[Items from a data source]

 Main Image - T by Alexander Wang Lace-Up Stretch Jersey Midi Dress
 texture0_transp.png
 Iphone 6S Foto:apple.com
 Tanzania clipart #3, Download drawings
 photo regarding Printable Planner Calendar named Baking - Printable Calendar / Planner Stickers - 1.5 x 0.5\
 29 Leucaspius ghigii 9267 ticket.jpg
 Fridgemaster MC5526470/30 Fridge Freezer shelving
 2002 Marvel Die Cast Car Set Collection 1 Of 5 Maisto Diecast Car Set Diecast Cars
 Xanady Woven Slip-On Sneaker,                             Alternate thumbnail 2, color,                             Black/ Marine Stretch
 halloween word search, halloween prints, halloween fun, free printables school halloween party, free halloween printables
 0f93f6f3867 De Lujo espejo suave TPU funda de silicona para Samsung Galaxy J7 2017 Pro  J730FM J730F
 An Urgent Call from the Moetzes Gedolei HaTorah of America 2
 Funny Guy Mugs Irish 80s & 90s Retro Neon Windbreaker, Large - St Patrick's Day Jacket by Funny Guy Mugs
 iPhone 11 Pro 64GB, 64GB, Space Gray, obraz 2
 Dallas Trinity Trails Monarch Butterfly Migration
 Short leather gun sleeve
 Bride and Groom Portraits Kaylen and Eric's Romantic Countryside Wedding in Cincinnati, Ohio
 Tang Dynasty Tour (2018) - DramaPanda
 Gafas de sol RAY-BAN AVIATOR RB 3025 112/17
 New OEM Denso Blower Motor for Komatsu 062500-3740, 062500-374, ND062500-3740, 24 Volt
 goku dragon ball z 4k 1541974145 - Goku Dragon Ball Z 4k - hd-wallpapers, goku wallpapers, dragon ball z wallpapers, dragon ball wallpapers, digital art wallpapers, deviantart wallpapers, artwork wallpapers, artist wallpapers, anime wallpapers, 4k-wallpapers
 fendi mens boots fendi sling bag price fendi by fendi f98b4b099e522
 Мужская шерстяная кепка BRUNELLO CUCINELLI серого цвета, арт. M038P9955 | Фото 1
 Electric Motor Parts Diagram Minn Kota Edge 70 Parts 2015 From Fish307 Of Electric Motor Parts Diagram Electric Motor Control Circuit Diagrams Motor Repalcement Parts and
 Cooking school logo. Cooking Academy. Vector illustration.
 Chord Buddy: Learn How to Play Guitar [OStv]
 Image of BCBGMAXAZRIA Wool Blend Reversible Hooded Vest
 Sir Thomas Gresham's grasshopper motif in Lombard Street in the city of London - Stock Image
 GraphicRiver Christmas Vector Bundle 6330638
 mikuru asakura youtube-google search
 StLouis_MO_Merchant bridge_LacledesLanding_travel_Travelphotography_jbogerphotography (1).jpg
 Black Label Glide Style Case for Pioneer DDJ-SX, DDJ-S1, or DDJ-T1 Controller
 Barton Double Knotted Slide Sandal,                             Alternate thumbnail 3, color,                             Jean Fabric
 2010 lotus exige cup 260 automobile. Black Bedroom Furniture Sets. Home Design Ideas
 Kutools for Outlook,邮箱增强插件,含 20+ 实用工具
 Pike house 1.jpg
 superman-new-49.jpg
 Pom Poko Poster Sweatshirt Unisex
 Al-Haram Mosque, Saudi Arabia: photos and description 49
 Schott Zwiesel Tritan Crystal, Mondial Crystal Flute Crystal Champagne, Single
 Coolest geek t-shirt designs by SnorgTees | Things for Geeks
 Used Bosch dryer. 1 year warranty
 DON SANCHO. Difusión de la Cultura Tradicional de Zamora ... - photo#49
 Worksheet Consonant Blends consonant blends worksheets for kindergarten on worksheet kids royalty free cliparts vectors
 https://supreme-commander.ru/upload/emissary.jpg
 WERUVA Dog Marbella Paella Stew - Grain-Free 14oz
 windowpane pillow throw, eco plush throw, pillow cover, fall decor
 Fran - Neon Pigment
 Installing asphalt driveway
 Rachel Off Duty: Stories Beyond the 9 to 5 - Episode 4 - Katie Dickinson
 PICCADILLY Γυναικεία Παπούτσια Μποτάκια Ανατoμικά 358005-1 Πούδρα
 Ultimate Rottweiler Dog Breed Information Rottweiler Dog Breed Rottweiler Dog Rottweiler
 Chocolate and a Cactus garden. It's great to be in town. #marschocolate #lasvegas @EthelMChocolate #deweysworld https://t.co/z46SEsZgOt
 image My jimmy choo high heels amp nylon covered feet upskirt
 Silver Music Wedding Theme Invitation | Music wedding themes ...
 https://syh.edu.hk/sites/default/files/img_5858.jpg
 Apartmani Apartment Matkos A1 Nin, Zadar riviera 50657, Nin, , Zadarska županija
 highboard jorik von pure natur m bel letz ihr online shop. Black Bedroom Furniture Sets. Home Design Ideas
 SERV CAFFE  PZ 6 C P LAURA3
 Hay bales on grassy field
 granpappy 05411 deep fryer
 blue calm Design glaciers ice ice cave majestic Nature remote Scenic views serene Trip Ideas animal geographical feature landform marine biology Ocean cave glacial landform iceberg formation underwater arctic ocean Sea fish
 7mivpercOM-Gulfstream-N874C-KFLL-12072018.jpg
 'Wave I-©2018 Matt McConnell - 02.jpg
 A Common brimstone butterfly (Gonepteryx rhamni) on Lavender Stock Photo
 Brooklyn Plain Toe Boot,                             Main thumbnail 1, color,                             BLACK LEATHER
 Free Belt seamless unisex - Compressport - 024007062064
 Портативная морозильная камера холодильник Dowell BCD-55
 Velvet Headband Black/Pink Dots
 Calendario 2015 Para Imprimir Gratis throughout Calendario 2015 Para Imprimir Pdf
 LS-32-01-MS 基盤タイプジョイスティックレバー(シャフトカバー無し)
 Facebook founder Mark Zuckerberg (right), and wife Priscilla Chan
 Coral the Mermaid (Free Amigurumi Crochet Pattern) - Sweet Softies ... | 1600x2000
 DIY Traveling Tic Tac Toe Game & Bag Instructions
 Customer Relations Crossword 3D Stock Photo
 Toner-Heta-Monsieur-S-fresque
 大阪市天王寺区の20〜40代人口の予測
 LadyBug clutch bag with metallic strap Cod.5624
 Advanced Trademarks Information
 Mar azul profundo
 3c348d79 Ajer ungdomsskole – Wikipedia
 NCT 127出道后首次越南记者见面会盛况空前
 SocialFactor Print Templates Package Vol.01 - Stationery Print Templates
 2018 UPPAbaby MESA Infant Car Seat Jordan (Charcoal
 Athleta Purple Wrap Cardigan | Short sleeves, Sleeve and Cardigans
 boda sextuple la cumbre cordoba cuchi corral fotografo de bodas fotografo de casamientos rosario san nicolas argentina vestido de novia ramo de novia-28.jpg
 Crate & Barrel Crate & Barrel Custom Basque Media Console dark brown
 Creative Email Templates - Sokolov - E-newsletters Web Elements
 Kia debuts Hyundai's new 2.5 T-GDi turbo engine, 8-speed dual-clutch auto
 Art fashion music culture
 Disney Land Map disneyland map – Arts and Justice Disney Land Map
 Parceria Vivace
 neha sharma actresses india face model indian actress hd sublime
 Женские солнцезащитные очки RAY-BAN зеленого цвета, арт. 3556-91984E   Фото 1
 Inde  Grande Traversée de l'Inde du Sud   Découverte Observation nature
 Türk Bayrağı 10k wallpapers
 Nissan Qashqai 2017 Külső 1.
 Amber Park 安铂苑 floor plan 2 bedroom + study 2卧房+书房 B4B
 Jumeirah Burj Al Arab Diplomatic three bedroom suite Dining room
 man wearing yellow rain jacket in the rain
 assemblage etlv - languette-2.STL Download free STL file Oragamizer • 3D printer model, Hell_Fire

### Work request
Would you please copy exactly the part of the entries above that begins at the line containing "大阪市天王寺区の20〜40代人口の予測" and ends at the line containing "SocialFactor Print Templates", both lines included?

### Solution to the problem
 大阪市天王寺区の20〜40代人口の予測
 LadyBug clutch bag with metallic strap Cod.5624
 Advanced Trademarks Information
 Mar azul profundo
 3c348d79 Ajer ungdomsskole – Wikipedia
 NCT 127出道后首次越南记者见面会盛况空前
 SocialFactor Print Templates Package Vol.01 - Stationery Print Templates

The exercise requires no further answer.